Dept. of Speculation

Jennifer Offil
2014
Rating: 7

My brain is shattered by the election, my attention span is greatly diminished. Partly for this reason, I grabbed Dept. of Speculation to read on a trip to LA. It’s 177 pages, and there’s a good amount of white space on the pages.

It was in fact a fast and breezy read, finished it in 2 sittings. Fortunately, it was also a fun book to read, it was soothing too in these dark times.

It’s not a very visual book, there are not brilliantly observed details (although there are some nice ones), there are no sweeping landscapes, but the protagonist’s voice and worldview made the book worth it.

It’s not particularly transgressive in its themes, story, or formal approach to story-telling, but its sparkling wit more than compensate for any lack of technical or artistic risk-taking.

I don’t really have much in the way of criticism, I just kind of got swept into the tale and enjoyed it; I had no complaints along the way, and wasn’t reading it through an analytical framework.

One observation, and I don’t know how helpful of meaningful it is, is that the story could have been longer and bigger.
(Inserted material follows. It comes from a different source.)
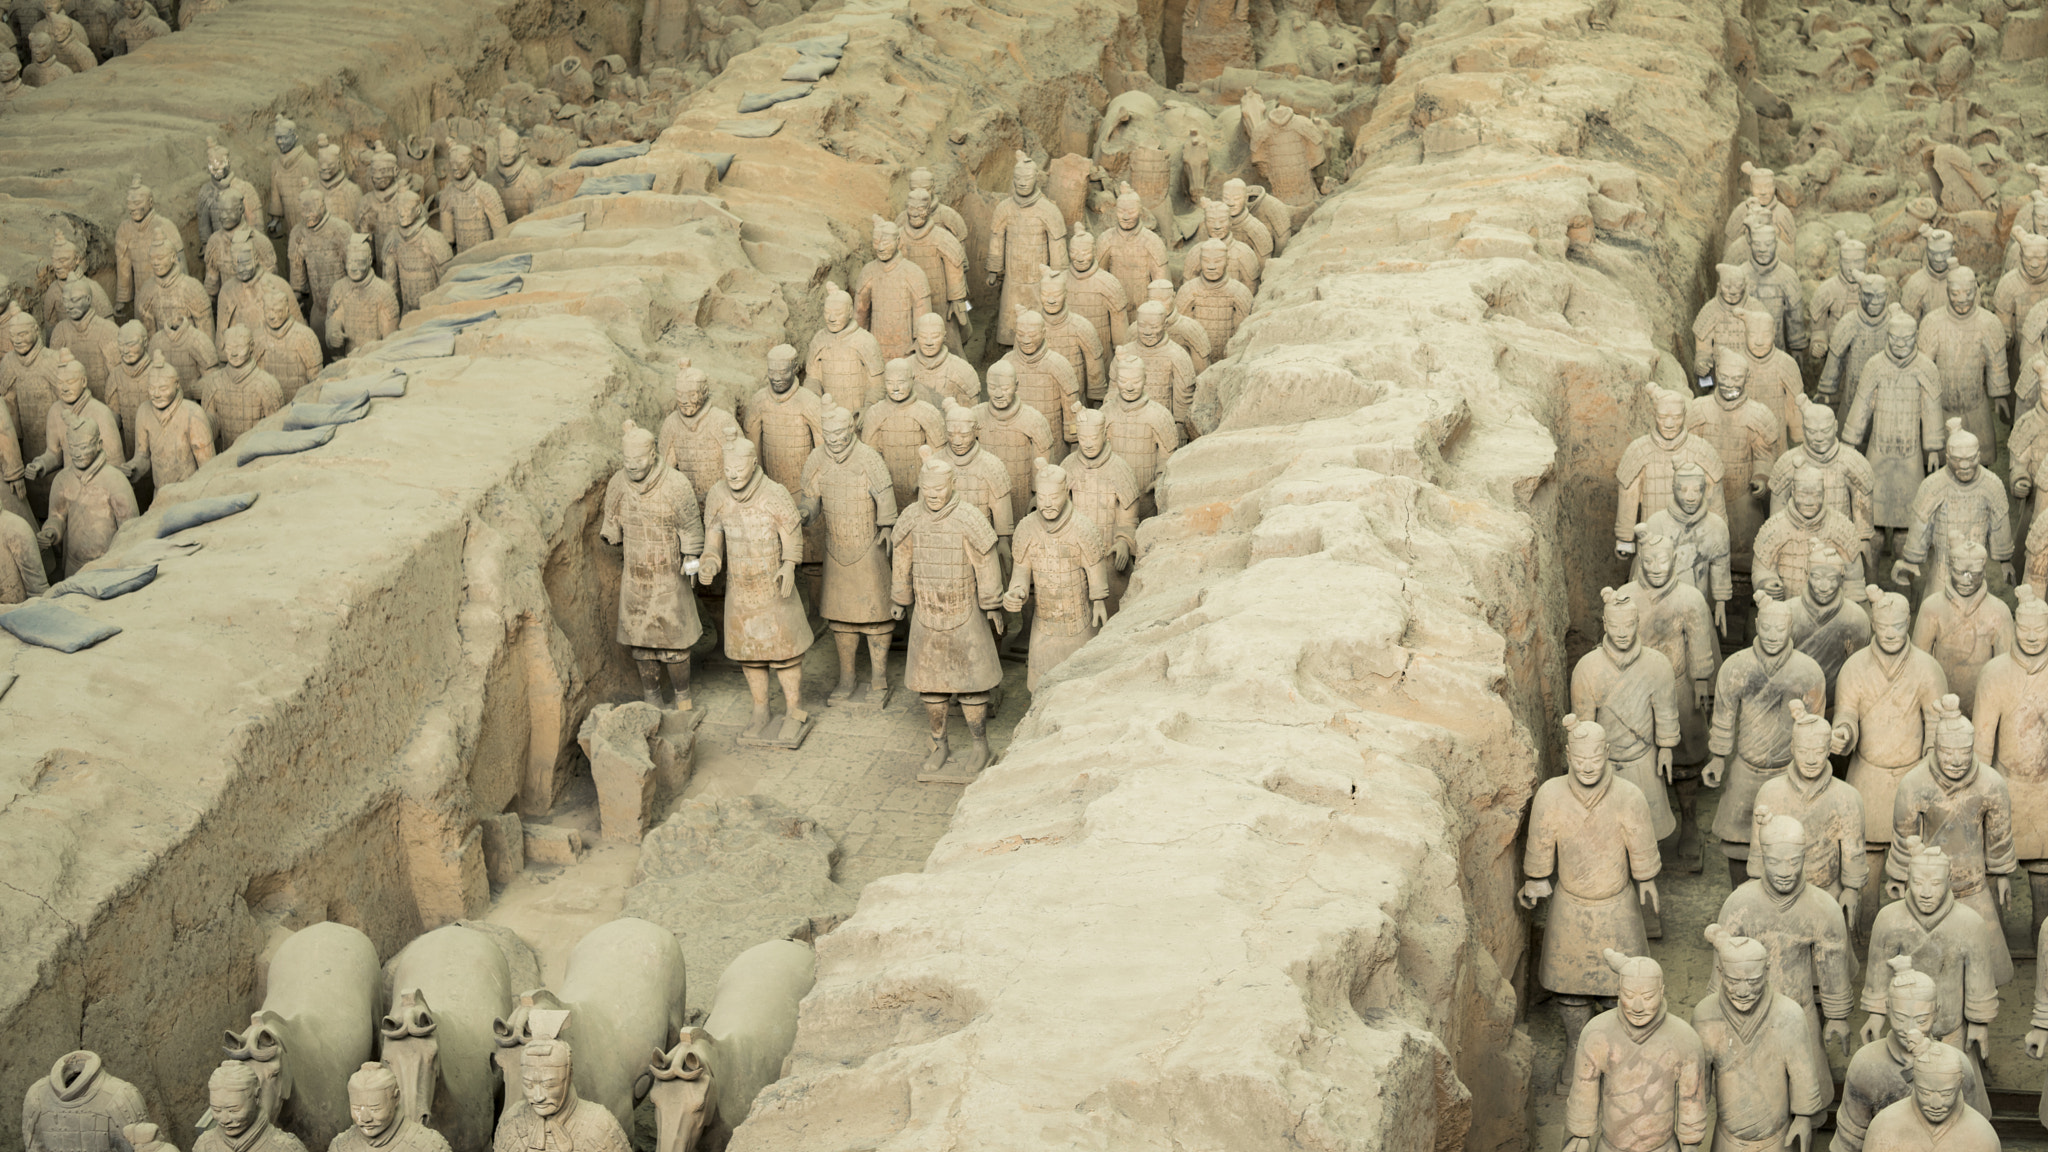 Sony a7R II + E 50mm F2 sample photo. Pit n.1 terracotta army photography

It’s crazy for me to pick up a book because I wanted a quick read, and to then turn around and say that it was too quick of a read.

Offil intersperses throughout the books a number of quotes from various luminaries; sometimes these spoke more directly to what was happening in the protagonist’s life, other times it seemed to me that they quotes or paraphrasings were somewhat random, but if they were random they didn’t really detract from the story. Sometimes the curating was quite adept and funny.

I walked away from the book feeling like it was an easy one to write, but more likely is that it somehow looked like its effects were easy to achieve but actually were not easy to achieve; that the book masks the skill it took to write.

I think at some point I might come back to it and read it again. It’s an odd compliment to pay to a novel, but there was something soothing about it, maybe due to the fact that it was published in 2014, before our fascist political moment.